9 Sept 2020: The Conversation: ‘Died from’ or ‘died with’ COVID-19? We need a transparent approach to counting coronavirus deaths
by Marc Trabsky, Senior Lecturer, La Trobe Law School and Director, Centre for Health, Law and Society, La Trobe University
and Courtney Hempton, Associate Research Fellow, Deakin University
For example, on August 31 Victoria recorded only eight COVID-19 deaths from the previous 24 hours, but also added 33 historical deaths to the toll. According to the state’s Chief Health Officer ***Brett Sutton, this backlog was due to changes in how aged care providers reported COVID-19 deaths, and differences in reporting methods between the state and federal governments.
On September 4 there were six deaths recorded over the previous 24-hours, but a further 53 historical deaths were added to the daily toll, 50 of which were related to aged care.
There is a lack of transparency about why there is a discrepancy between how Victoria and the Commonwealth count COVID-19 deaths...
Delays may have been caused by aged care providers struggling to verify not only residents who died from COVID-19, but also those suspected to have died with the virus.

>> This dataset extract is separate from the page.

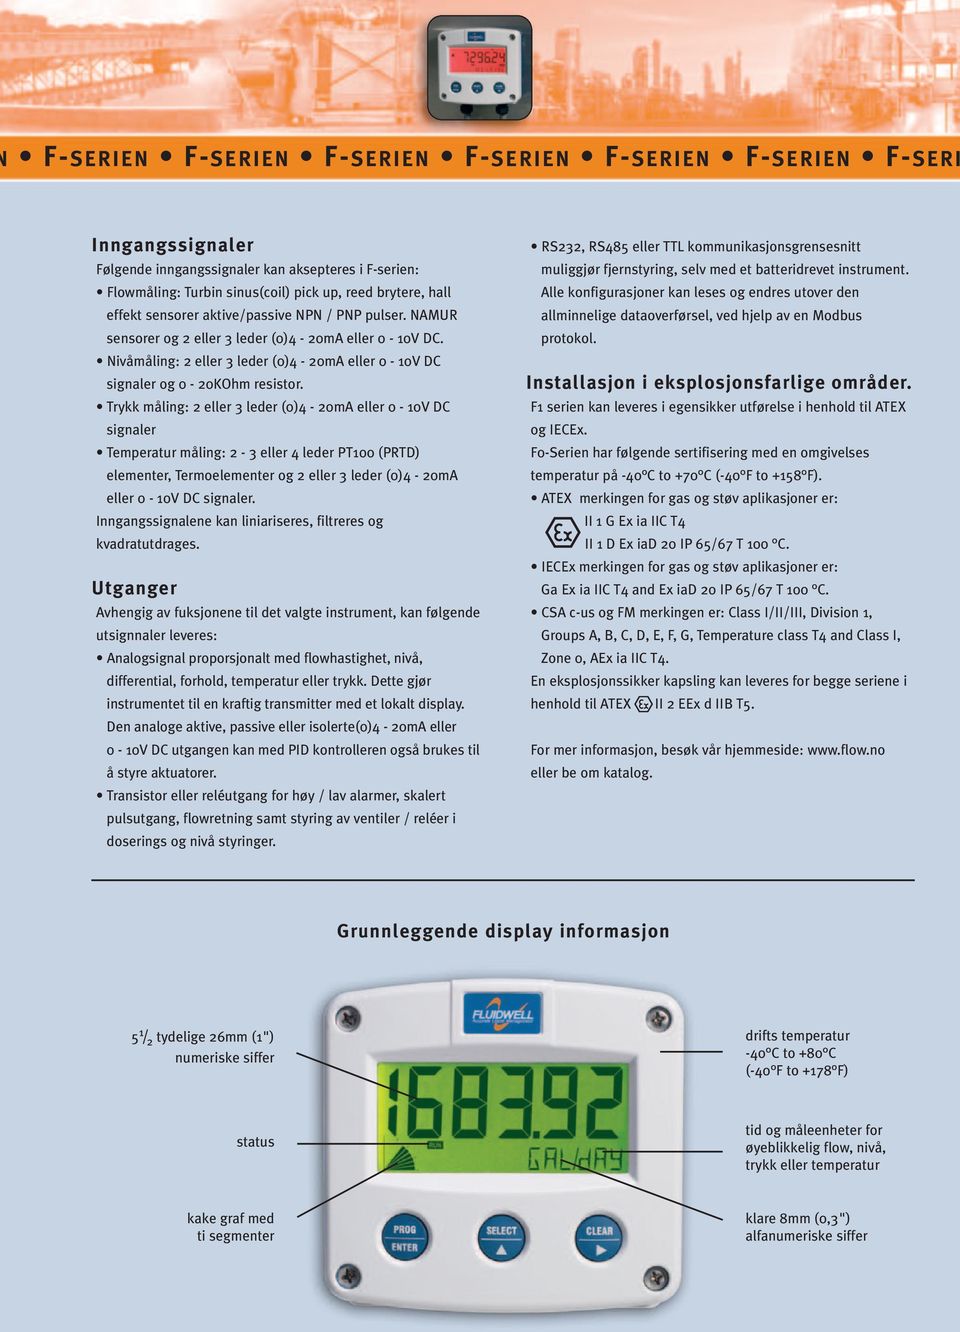 Trykk måling: 2 eller 3 leder (0)4-20mA eller 0-10V DC signaler Temperatur måling: 2-3 eller 4 leder PT100 (PRTD) elementer, Termoelementer og 2 eller 3 leder (0)4-20mA eller 0-10V DC signaler.

The Victorian and Commonwealth governments are reportedly working to reconcile how COVID-19 deaths are counted and reported. But it may be months or years before detailed death data can be analysed...
https://theconversation.com/died-from-or-died-with-covid-19-we-need-a-transparent-approach-to-counting-coronavirus-deaths-145438
there was no further investigation of the above, so there’s no knowing how many were not really ‘covid’ deaths.